O narrador privilegia o registo
culto, literário, produzindo um discurso literário quando se institui como
poeta e ensaísta ou quando combina os registos das várias personagens. Por
outro lado, ele socorre-se também da língua culta não literária, faz uso de um
registo quase policial sustentado na lógica e valorizador de uma suposta
objetividade, deixando a tarefa da pesquisa para o leitor. Outro momento ocorre
quando o narrador se apresenta como autor de um texto publicitário ou quando
procura imitar o estilo pretensamente documentalista do Abade, ou seja, quando
se aproxima da “toada dos doutores da água benta”.
O registo popular, por seu turno,
ocorre nas falas da Estalajadeira, do Cauteleiro, do Batedor e de Tomás, que
são exemplificativas da coloquialidade. Assim, o discurso da Estalajadeira é
caracterizada por um tom familiar, ora confidente, ora discreto, afetado pelo
pudor: «”Ai, ai… cala-te boca.”». Note-se, nesta fala, uma grande vontade de
falar e até uma certa fluência. Já nos casos do Cauteleiro, do Batedor e de
Palma Bravo, o seu discurso é pautado por meias frases, termos mais ou menos
boçais, alusões obscenas, injúrias, anátemas e alguns enunciados com segundos
sentidos.
No romance, encontramos também a
gíria dos caçadores de Palma Bravo, no Batedor, no Regedor e no narrador, as
suas arteirices e preparativos. No entanto, nalguns passos, este registo dará
lugar a outro mais técnico-científico, exemplificado pelas citações do Tratado
das Aves. Igualmente técnico-científico é o registo estereotipado do Regedor:
o dos autos, porque acima de tudo está a “verdade dos factos”: “Altercaram as
partes… envolveram-se em desordem da qual resultaram ofensas morais e corporais…”.
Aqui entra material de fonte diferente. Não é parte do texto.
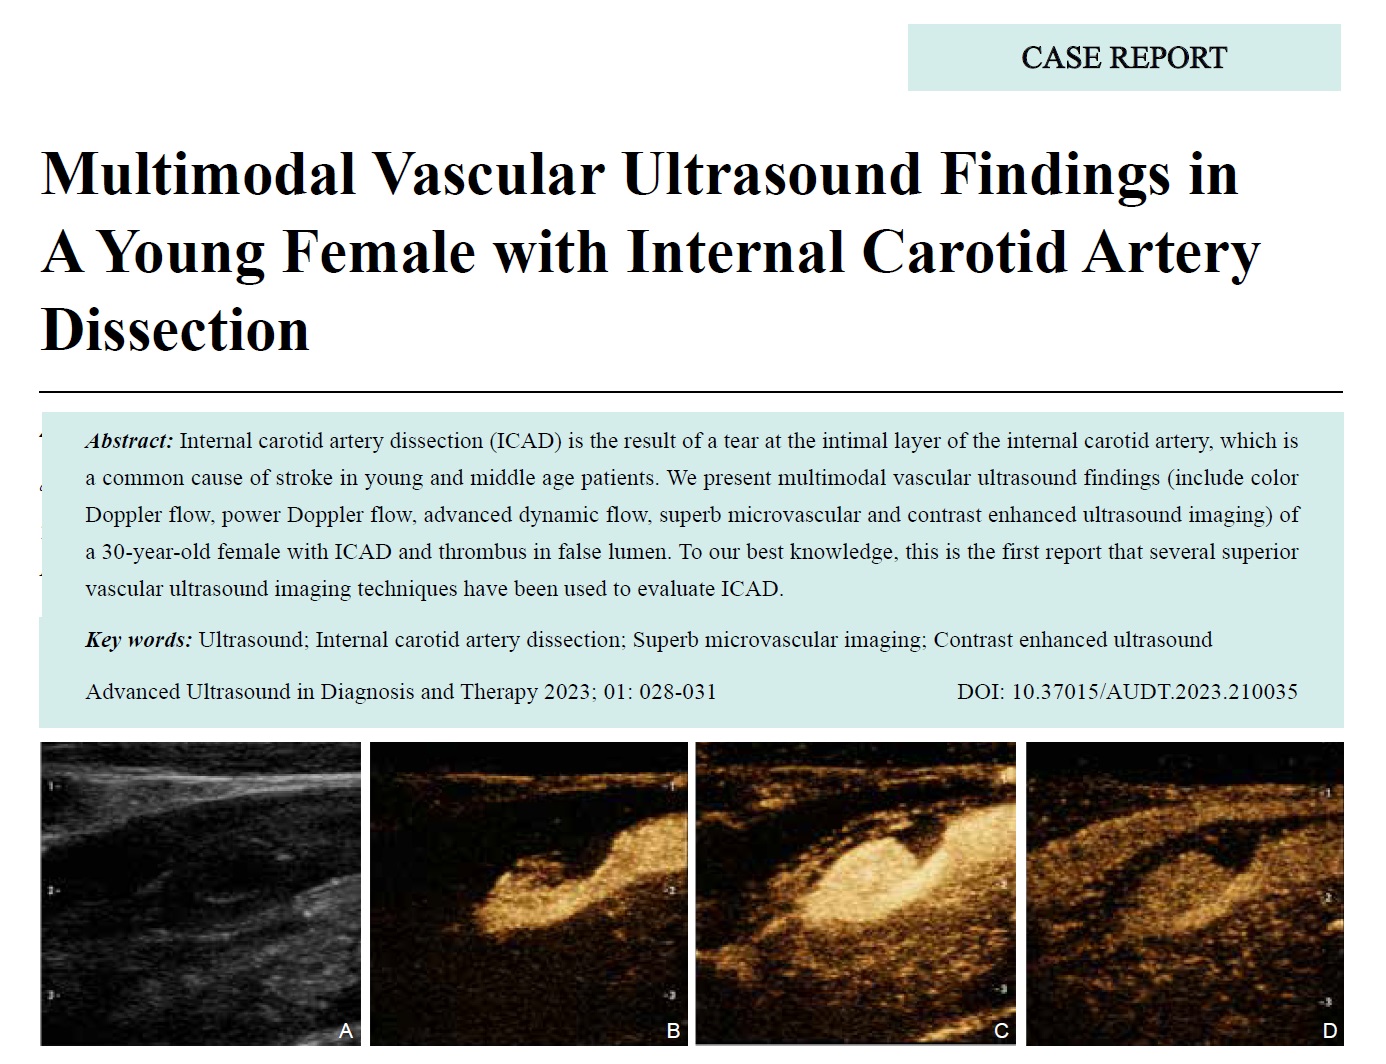 Multimodal Vascular Ultrasound Findings in A Young Female with Internal Carotid Artery Dissection

A personagem-narrador, autor e
escritor, possui um fino espírito crítico, bem como um grande poder de
observação que se foca em variadíssimas coisas, como, por exemplo, os atos de
fala das personagens, traços recorrentes, tiques, em suma, uma idiotice, ou
seja, a maneira de falar própria de um indivíduo. O próprio escritor irá imitar
vários idioletos através do chamado discurso estilizado. Vejamos exemplos dos
mesmos: “Tu é que sabes. Tu é que és escritor. Possivelmente”; “E quanto ao
automóvel «não há hipótese», como diria o Engenheiro. Positivamente”; “Absolutamente.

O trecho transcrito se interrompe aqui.